*** Stored data ***

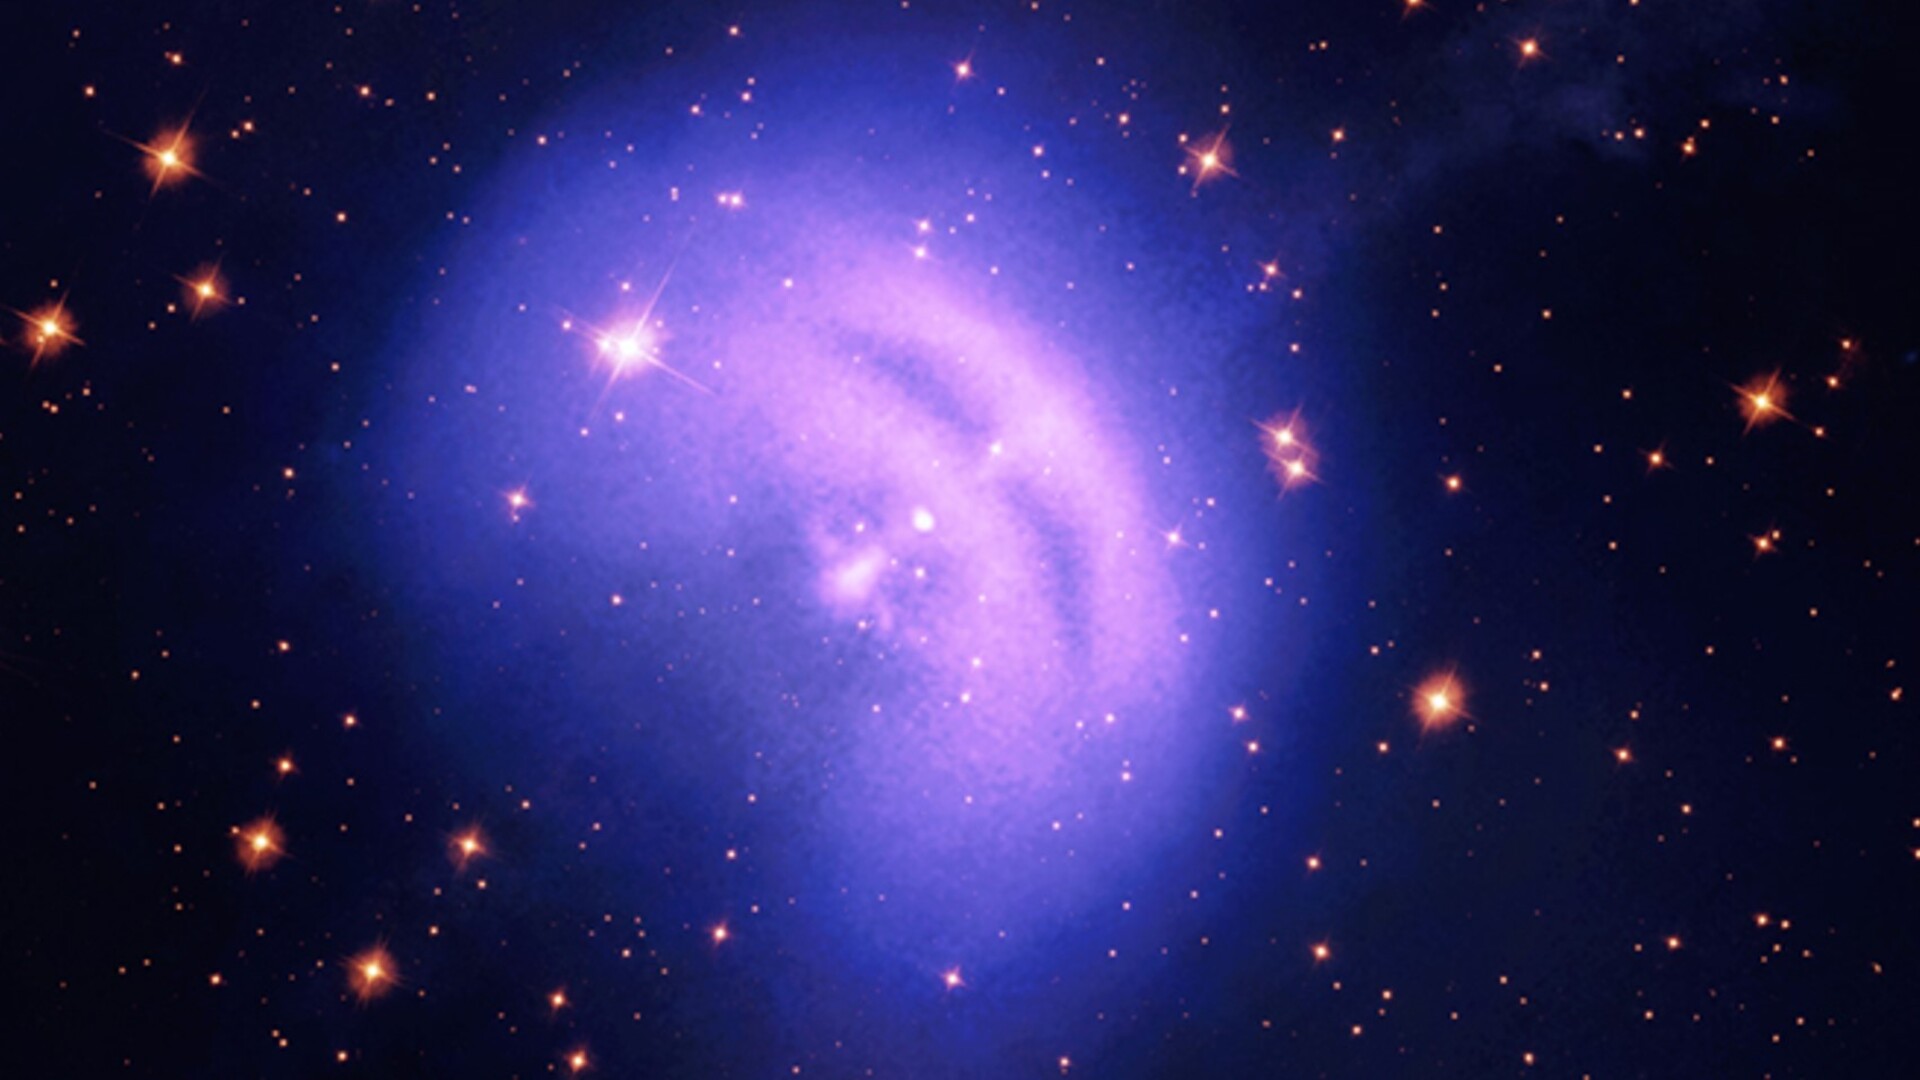 ASI - Vela, una pulsar al limite (della polarizzazione)
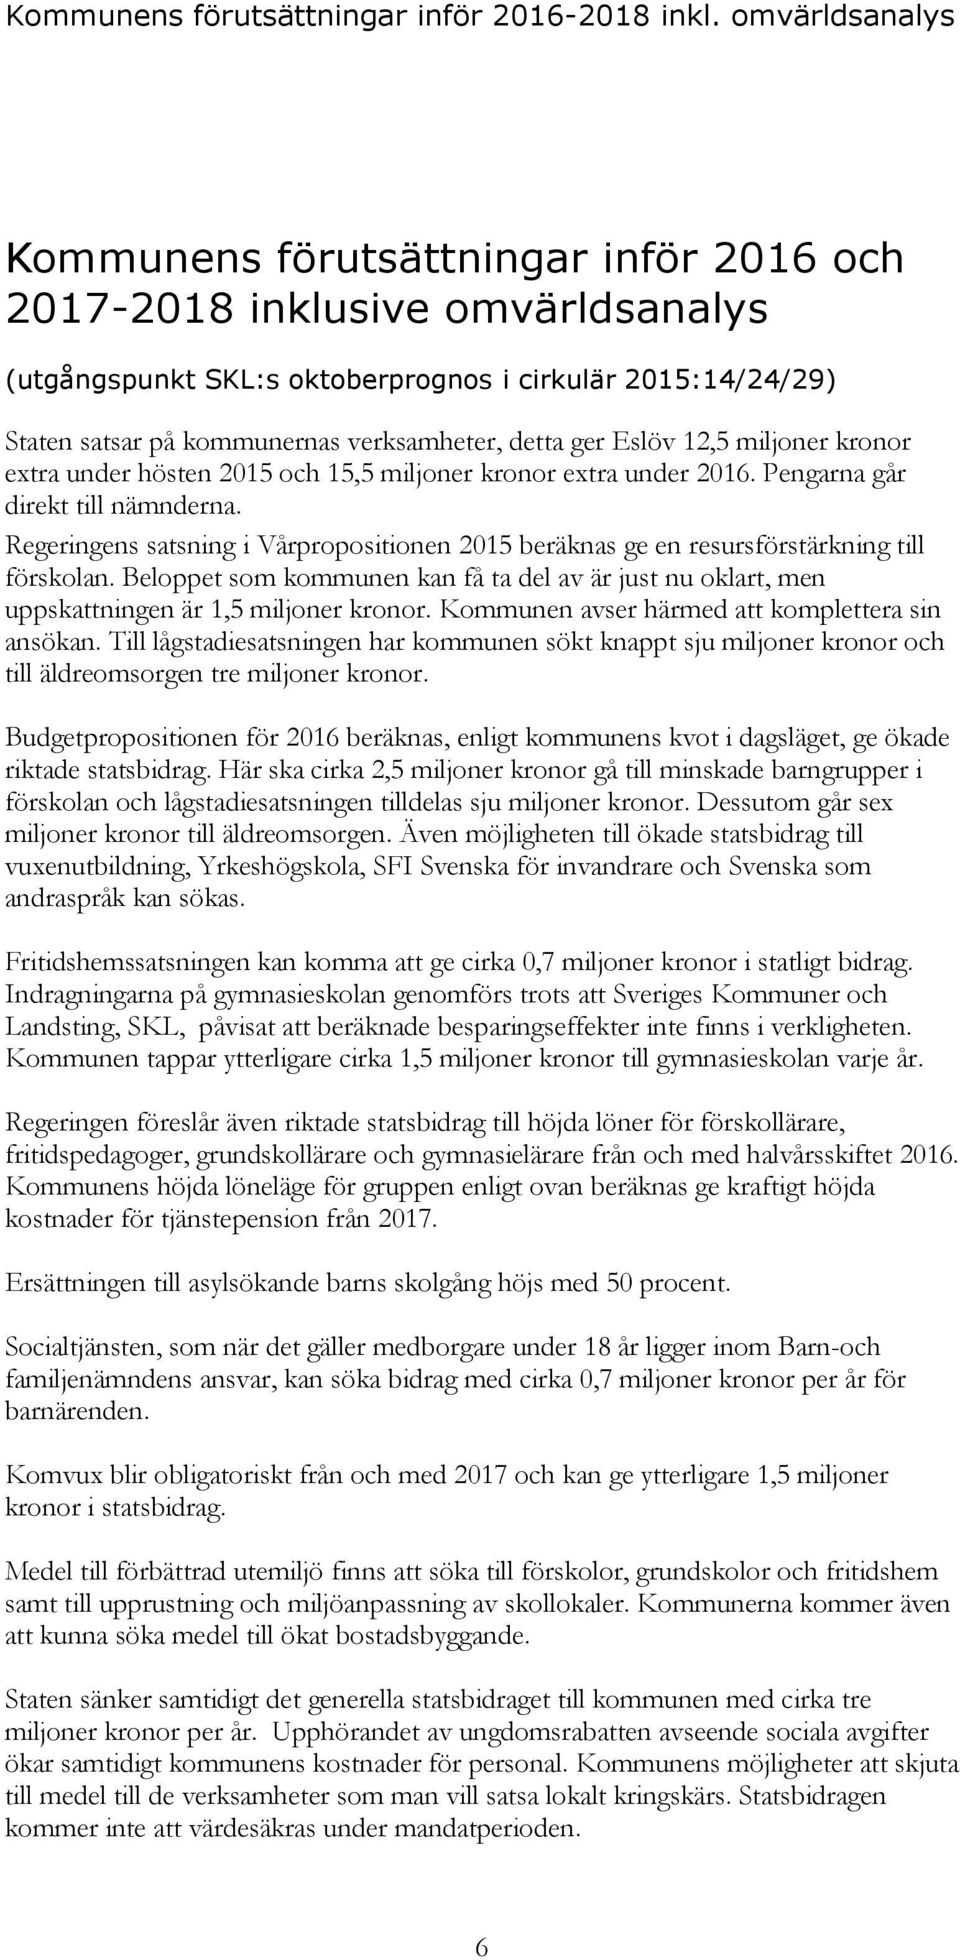 detta ger Eslöv 12,5 miljoner kronor extra under hösten 2015 och 15,5 miljoner kronor extra under 2016. Pengarna går direkt till nämnderna.
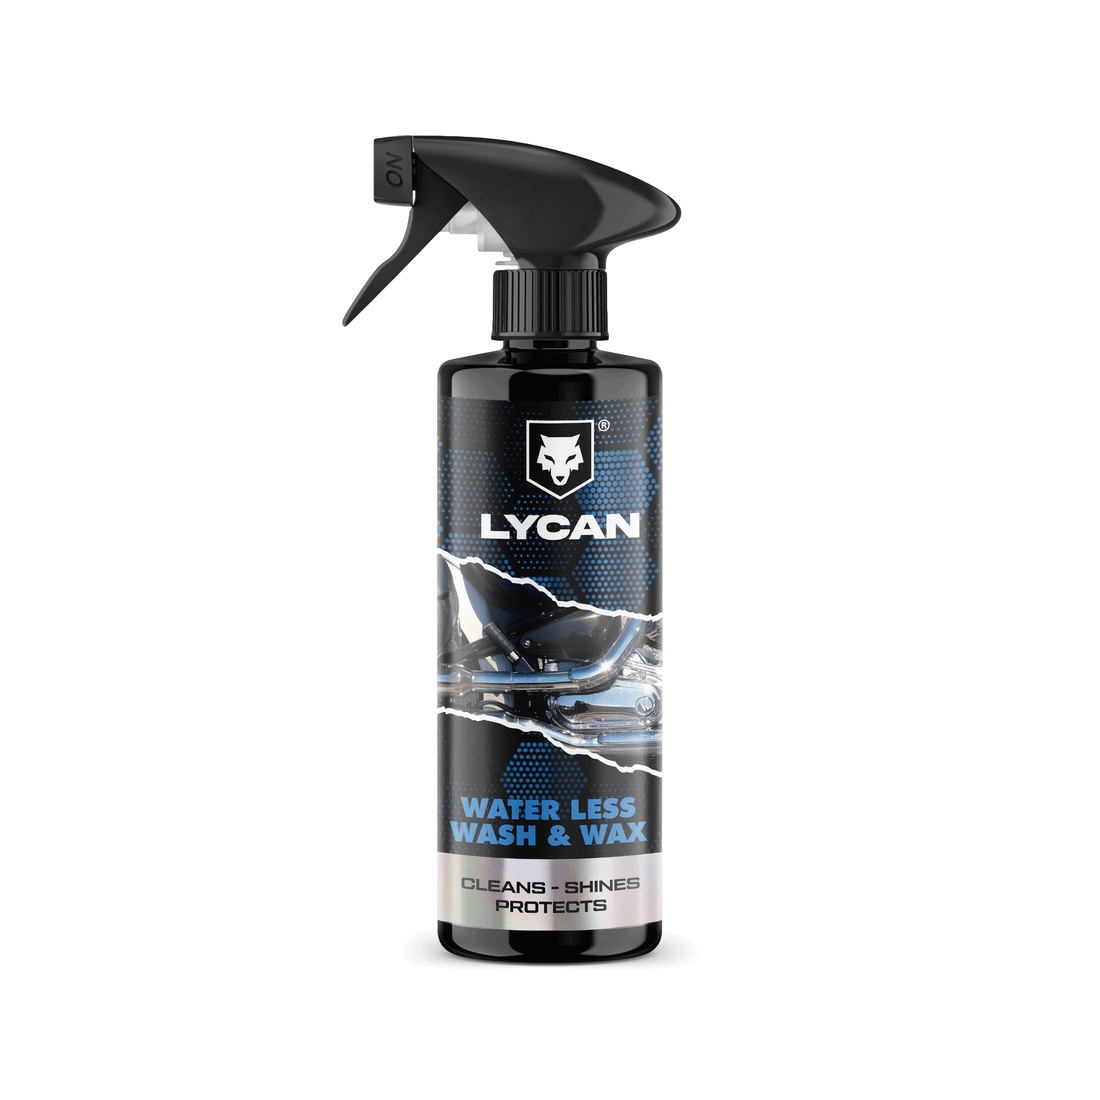 Waterless Wash & Wax – Lycanride

*** End of Stored data ***

### [Work to complete]
Your answer must be an exact copy of the data above, minus its pictures.

### [Solution for this problem]
 ASI - Vela, una pulsar al limite (della polarizzazione)
 detta ger Eslöv 12,5 miljoner kronor extra under hösten 2015 och 15,5 miljoner kronor extra under 2016. Pengarna går direkt till nämnderna.
 Waterless Wash & Wax – Lycanride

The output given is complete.